Chapter Fifteen

Socks ran out into the street to assist Maggie from the rental car, helping her hop to the curb and then stepping away from her, bowing to her three times, his arms stretched out in front of him. "All hail, all hail!"

"What the hell do you think you're doing, Socks?" Maggie asked as Sterling brought her the walker from the backseat.

"I'm bowing to brilliance, of course. Maggie Kelly won the big jackpot. Three-point-something mill –ion dollars. Quick, rub my arm. Give me some of your luck."

"You're an idiot," Maggie said, pushing past him. "You have no idea how much trouble that jackpot has caused me." But he took hold of her arm, holding her back.

"I think I do, Maggie. You don't want to go in there. Not until I clean out the place."

"Clean it out of what?" Maggie asked him, eyeing the doorway to the condo building with some trepidation. "And don't tell me someone else mailed me a rat. That joke isn't funny anymore."

Socks looked to his left and right, as if expecting attack from some unknown quarter. "No. Not rats. Leeches."

Maggie grimaced, feeling sick. "That's not funny, Socks. Rats aren't funny. Roaches aren't funny, either, but at least most of them are native New Yorkers and will outlive us all. But leeches aren't funny. Not even a little bit."

"I know. And these are human leeches. They started showing up here the minute the newspapers identified you as the big winner in A.C. I've been keeping them out, keeping them away. But it's cold, you know, and I felt sorry for a couple of them. Such sad stories, Maggie. Every one of them had a sad story, and every one of them thought I needed to hear it. I think they were practicing on me."

Maggie hopped backward, planning a hasty retreat. "You've got people in the lobby now, Socks? That isn't allowed. Damn it, Socks, it's not allowed." That last was, unfortunately, even to her own ears, a bit of a whine.

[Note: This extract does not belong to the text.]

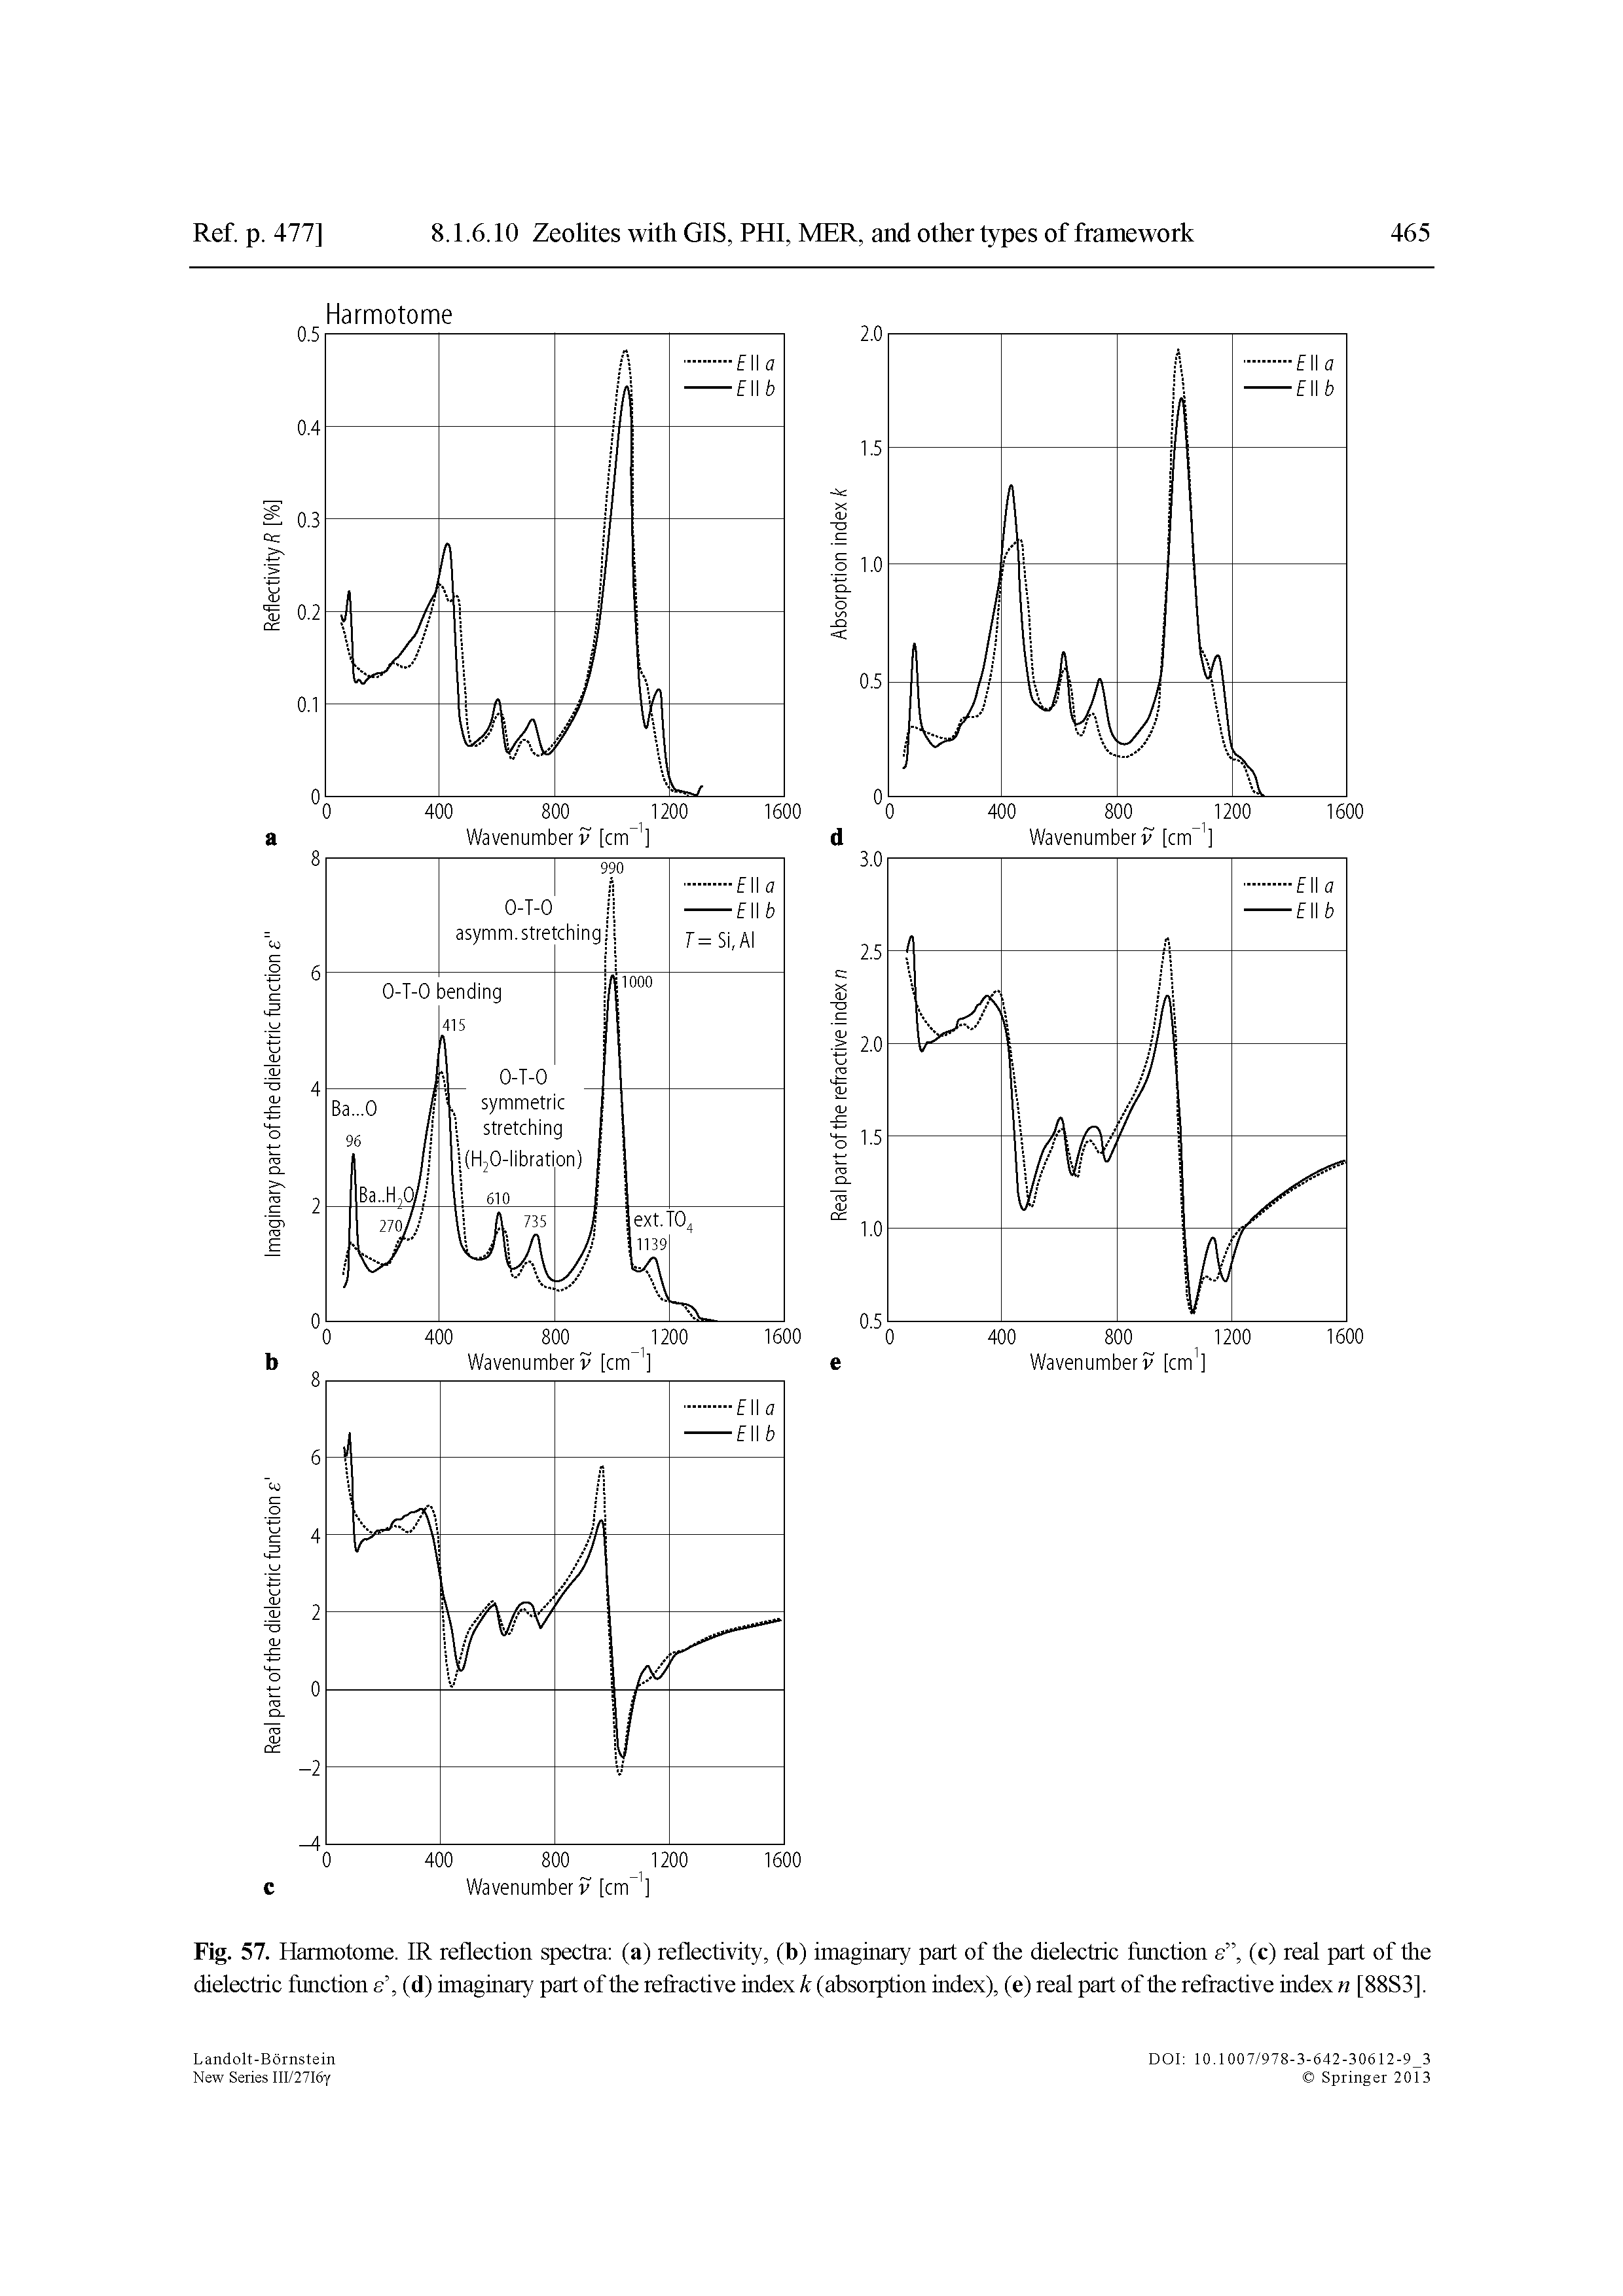 Fig. 57. Harmotome. IR reflection spectra (a) reflectivity, (b) imaginary part of the dielectric function e , (c) real part of the dielectric function e , (d) imaginary part of the refractive index k (absorption index), (e) real part of the refractive index n [88S3],...

"Okay, okay, so give me a minute to get rid of them, all right? It's just the guy with the warts all over his chin and Mrs. O'Reilly. She wants a bus ticket to Las Vegas, to visit her grandson—plane fare, if you can see it in your heart to keep an old woman off the bus. Except I don't really think her name is O'Reilly, and I don't think she has a grandson. And I guess I don't have to tell you what the wart guy wants, huh? Money for wart removal. Hey I told you anyway! Sorry."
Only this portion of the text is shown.